JPMorgan tips three Singapore REITS, or S-REITs, to own based on “crash-test” scenarios. “The S-REITs to own have sustainable income streams, relatively conservative asset values and gearing levels at the lower end of the risk spectrum. General risk aversion toward the sector as well as the debt refinancing overhang has created the most obvious valuation anomalies when risk is taken into account,” analysts Christopher Gee and Joy Wang say in report. Expects the market-weighted long portfolio to post 31% total return through end-2008. Says likes A-REIT (A17U.SG) with target price of S$2.93, CapitaMall Trust (C38U.SG) with target price of S$3.67, CapitaCommercial Trust (C61U.SG) with target price of S$2.27; all three rated Overweight. At Thursday’s close, A-REIT ended down 3.9% at S$1.98, CapitaMall +0.3% at S$3.11, CapitaCommercial down 3.6% at S$1.90.

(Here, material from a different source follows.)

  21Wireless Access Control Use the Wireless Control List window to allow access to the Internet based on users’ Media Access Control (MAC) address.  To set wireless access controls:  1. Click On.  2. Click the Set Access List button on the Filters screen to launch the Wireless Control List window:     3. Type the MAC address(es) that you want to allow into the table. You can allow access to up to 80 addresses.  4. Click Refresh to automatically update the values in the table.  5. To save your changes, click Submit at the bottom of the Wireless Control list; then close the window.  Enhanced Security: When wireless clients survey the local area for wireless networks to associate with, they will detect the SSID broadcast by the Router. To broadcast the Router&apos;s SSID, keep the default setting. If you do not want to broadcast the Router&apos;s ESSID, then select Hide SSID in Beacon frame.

JPM Cuts K-REIT Tgt To S$1.34; Keeps Underweight

JPMorgan cuts K-REIT (K71U.SG) target price to S$1.34 from S$1.52 on prospect of more substantial dilution to equity holders resulting from REIT’s proposed rights issue. Keeps at Underweight. “The key upside risks to our price target for K-REIT could come from an unexpected improvement in the outlook for office property in Singapore, or confidence being restored in real estate capital markets, thus allowing K-REIT to get out of the vicious cycle it is in currently.”

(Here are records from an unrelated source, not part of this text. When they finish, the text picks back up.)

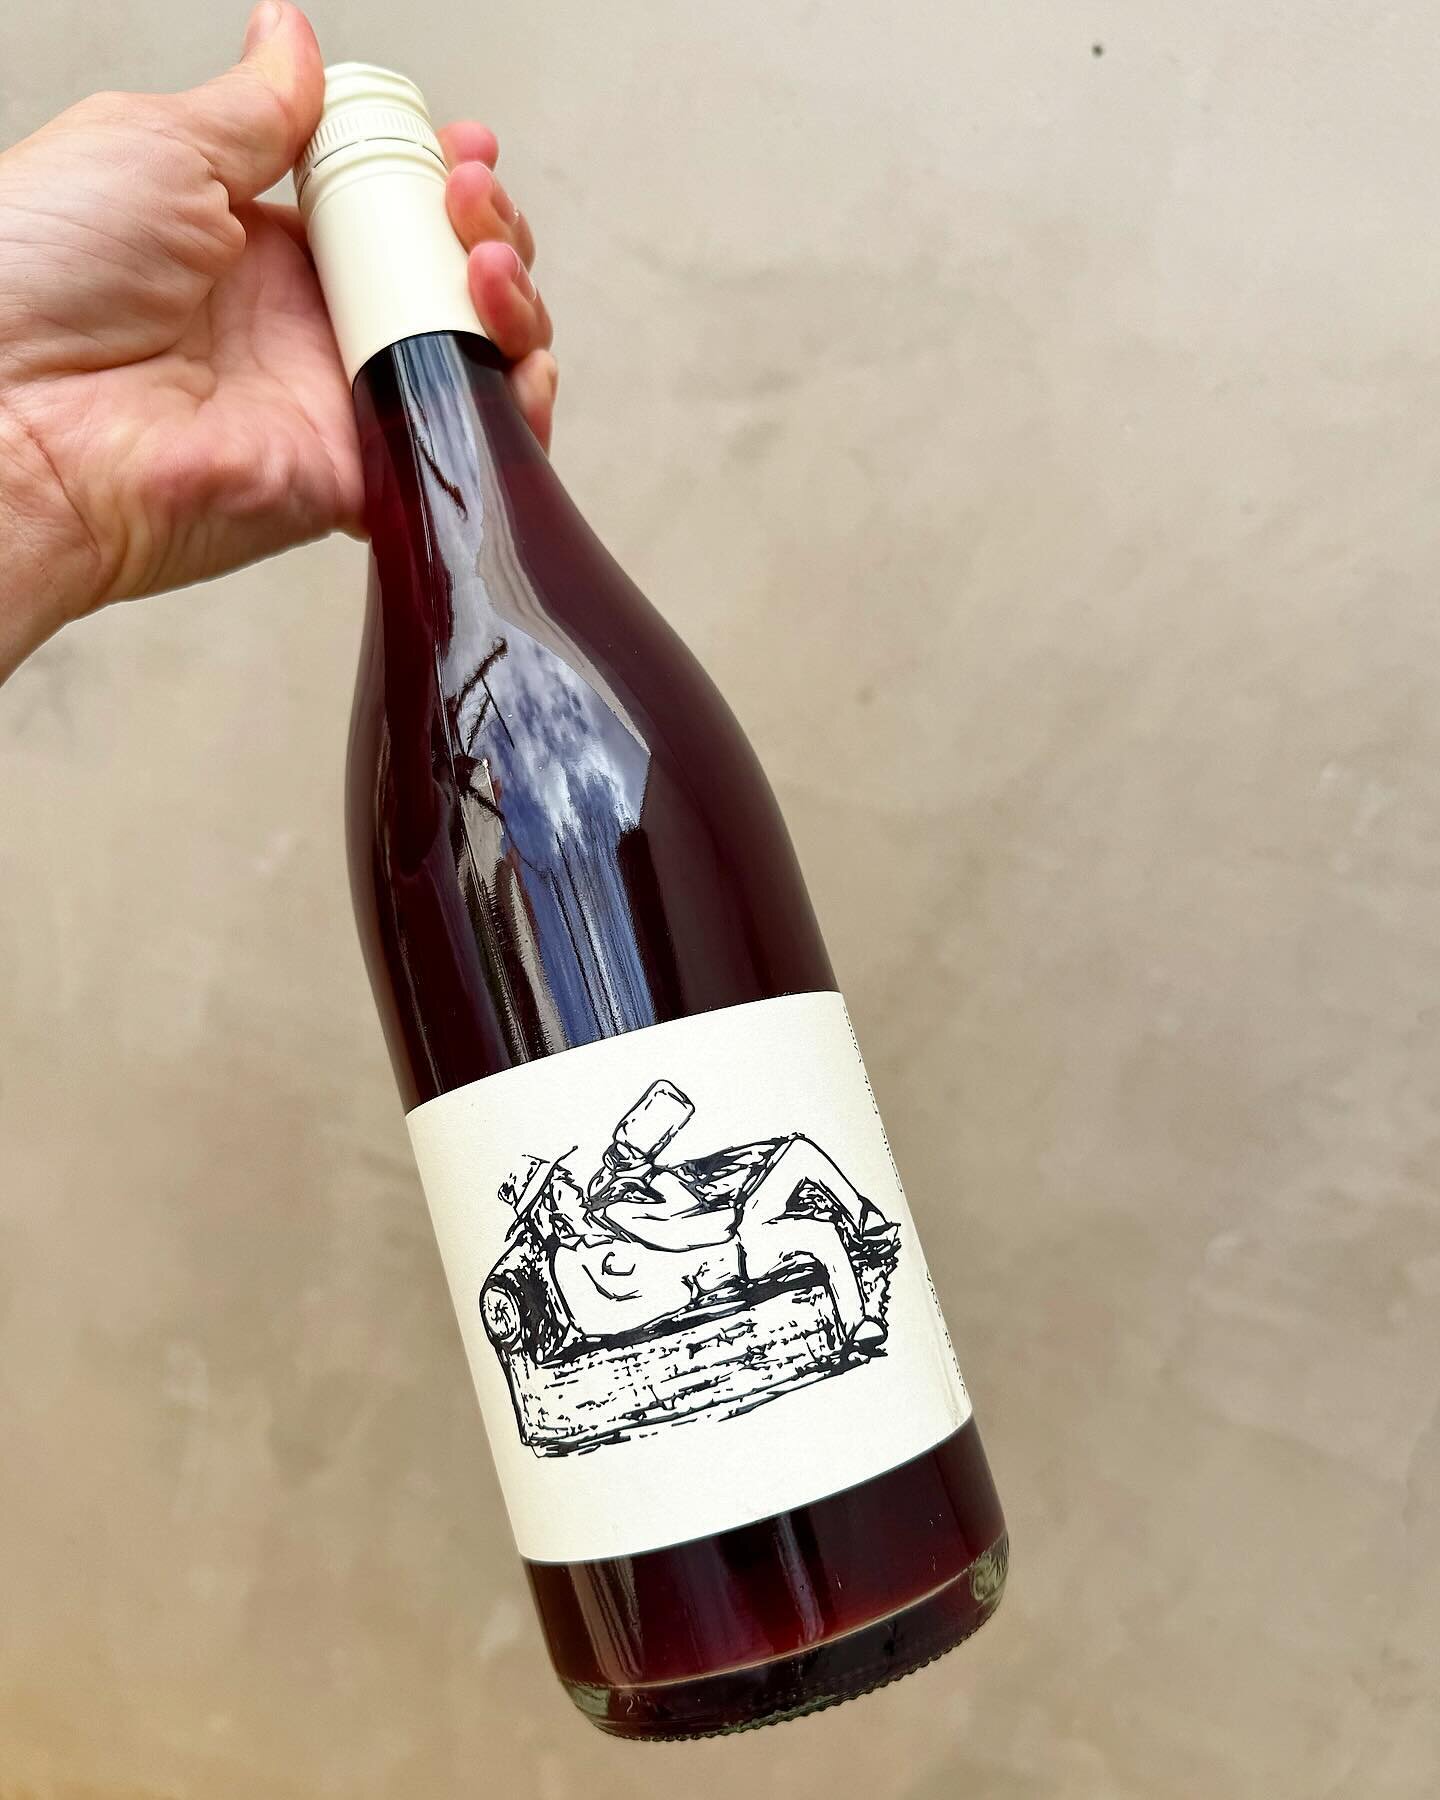 🔔 Australian Chilled Red Blend 🔔 
By @gentlefolkwine 
Spicy &bull; Punchy &bull; Currant &bull; Ripe Fruit 
Now pouring 🌙 
&bull;
Notes by the winemaker : 
The light red delicious lip smacking spicy vibrant little number is back and ready to go!

JPM Downgrades CDL Hospitality To Underweight

JPMorgan downgrades CDL Hospitality Trust to Underweight from Overweight, cuts target price to S$1.51 from S$2.55. Cuts follow house running worst-case scenario through valuation models for all S-REITs under coverage. Says S-REITs with highest lease expiries in 2008-09 are most exposed to sudden deterioration in demand conditions if either rental rates or occupancy levels were to drop unexpectedly. Adds, hospitality-oriented S-REITs, such as CDL Hospitality Trust, are most acutely affected in this test.